À une assemblée datée du 5 décembre 1927, cette société a « décidé, sur rapport du Docteur Cuisinier, d’établir sur les bords du lac Nairn (concession Grand Lac ou Lac Nairn) la base des opérations de la compagnie et d’y construire un garage et qu’à cette fin une certaine étendue de telle construction était nécessaire ». Le terrain est acquis, le 29 décembre 1927, d’Ulysse Lavoie, résidant de Sainte-Agnès, aujourd’hui Saint-Aimé-des-Lacs.
Charles Sutton et le Dr Louis Cuisinier effectuent, à bord d’un Fairchild, le premier vol en décembre 1927 vers Sept-îles. À la suite d’une dispute, Sutton quitte l’entreprise. La Canadian Transcontinental fait alors l’achat de deux nouveaux avions Fairchaild 71 et embauche deux pilotes d’expérience : Roméo Vachon (1898-1954) et Clarence Alvin « Duke » Schiller (1900-1943).
Le 25 décembre 1927, le pilote Roméo Vachon quitte la base de Sainte-Agnès avec à son bord 753 livres de courrier. La technique de la livraison de l’époque est assez inusitée :
« Les matières postales étaient jetées du haut des airs, aussi près que possible des bureaux de poste, sur une aire désignée par un mât et un drapeau. Aucun parachute n’était utilisé, comme on l’a prétendu à tort. En approchant du but, le pilote descendait le plus possible; pendant ce temps, le mécanicien ouvrait la trappe qui fermait une ouverture au niveau du plancher de la carlingue et basculait le sac postal. »


Toutefois, la Canadian Airways prend le contrôle, en juin 1929, de la Canadian Transcontinental et déplace progressivement les opérations de Saint-Aimé-des-Lacs à Rimouski. Dès lors, ce premier aéroport est beaucoup moins utilisé par cette entreprise qui s’en départit finalement le 15 février 1946.
Une nouvelle compagnie décide alors d’implanter une base au lac Nairne. Le 6 août 1947, l’ancien édifice est vendu à l’Atlas Aviation Limited, une compagnie dont le siège social se trouve à Ottawa. En 1949, cette entreprise envisage même de faire construire une première piste d’atterrissage dans Charlevoix, dans le secteur dit des « Dunes » situé entre Clermont et La Malbaie. Le pilote Rodolphe Pagé, qui demeurait au deuxième étage de l’Hôtel aviation, avait d’ailleurs réussi un atterrissage à cet endroit.
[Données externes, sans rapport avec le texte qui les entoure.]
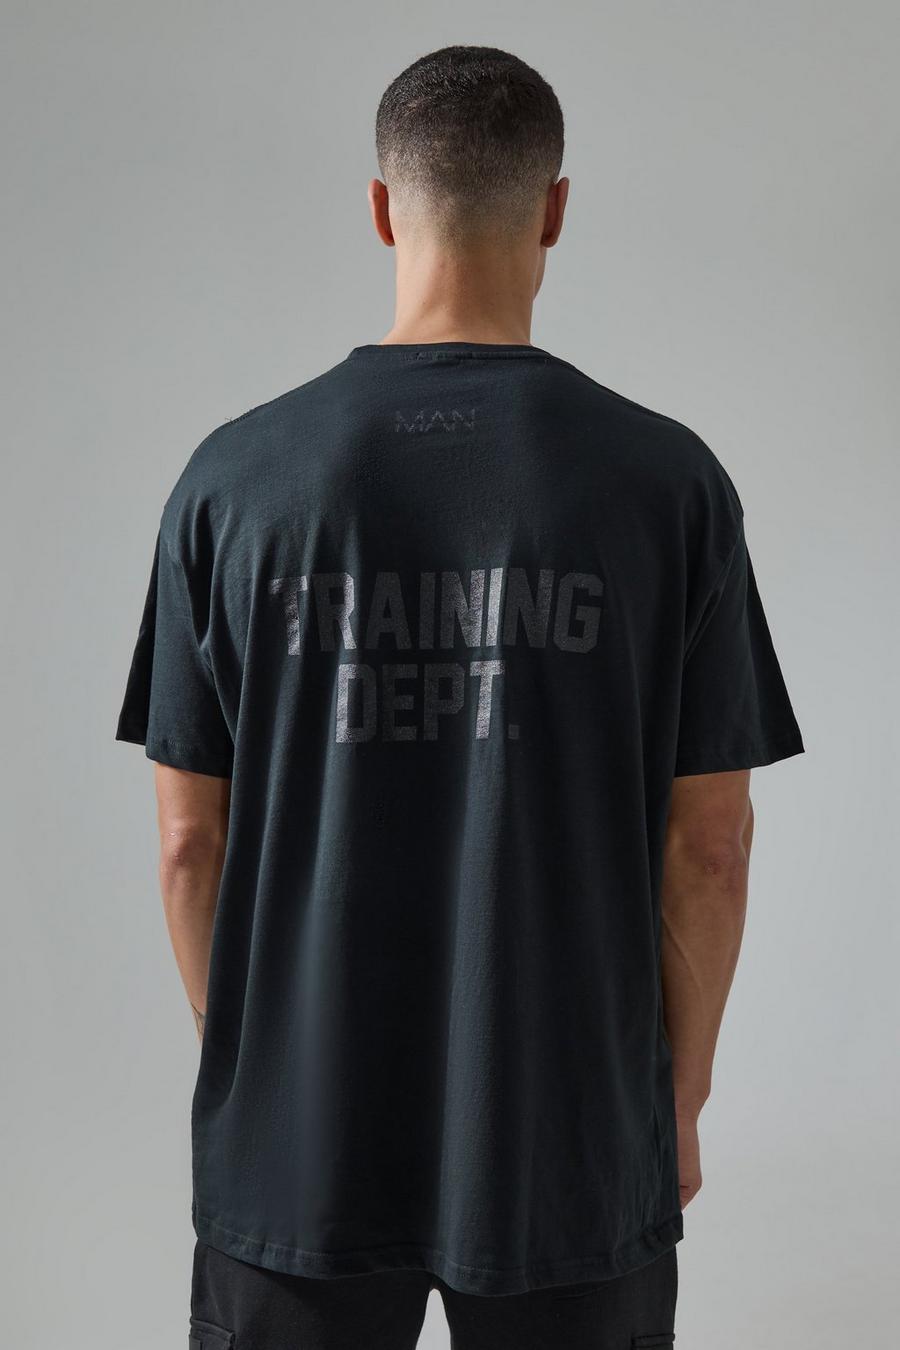 T-shirt oversize Active Training Dept, Black

Toutefois le projet achoppe et, le 15 août 1952, le tout est revendu à Ligori Imbeault.
Avec la décennie 1960 et la construction de l’aéroport de Saint-Irénée (inauguré en juillet 1962), le lac Nairne est de plus en plus délaissé par les aviateurs où se retrouvent toutefois des hydravions de pêcheurs se rendant dans leur camp de pêche dans l’arrière-pays. Le bâtiment du garage de l’aviation devient l’Hôtel aviation, un lieu récréatif fréquenté par la jeunesse charlevoisienne et dont la réputation à la fin des années 1970 était plutôt mauvaise. Le bâtiment brûle vers 1980. Depuis ce temps, la présence d’hydravions est pour le moins épisodique si ce n’est les Canadairs qui viennent s’y charger en eau lors des feux de forêt.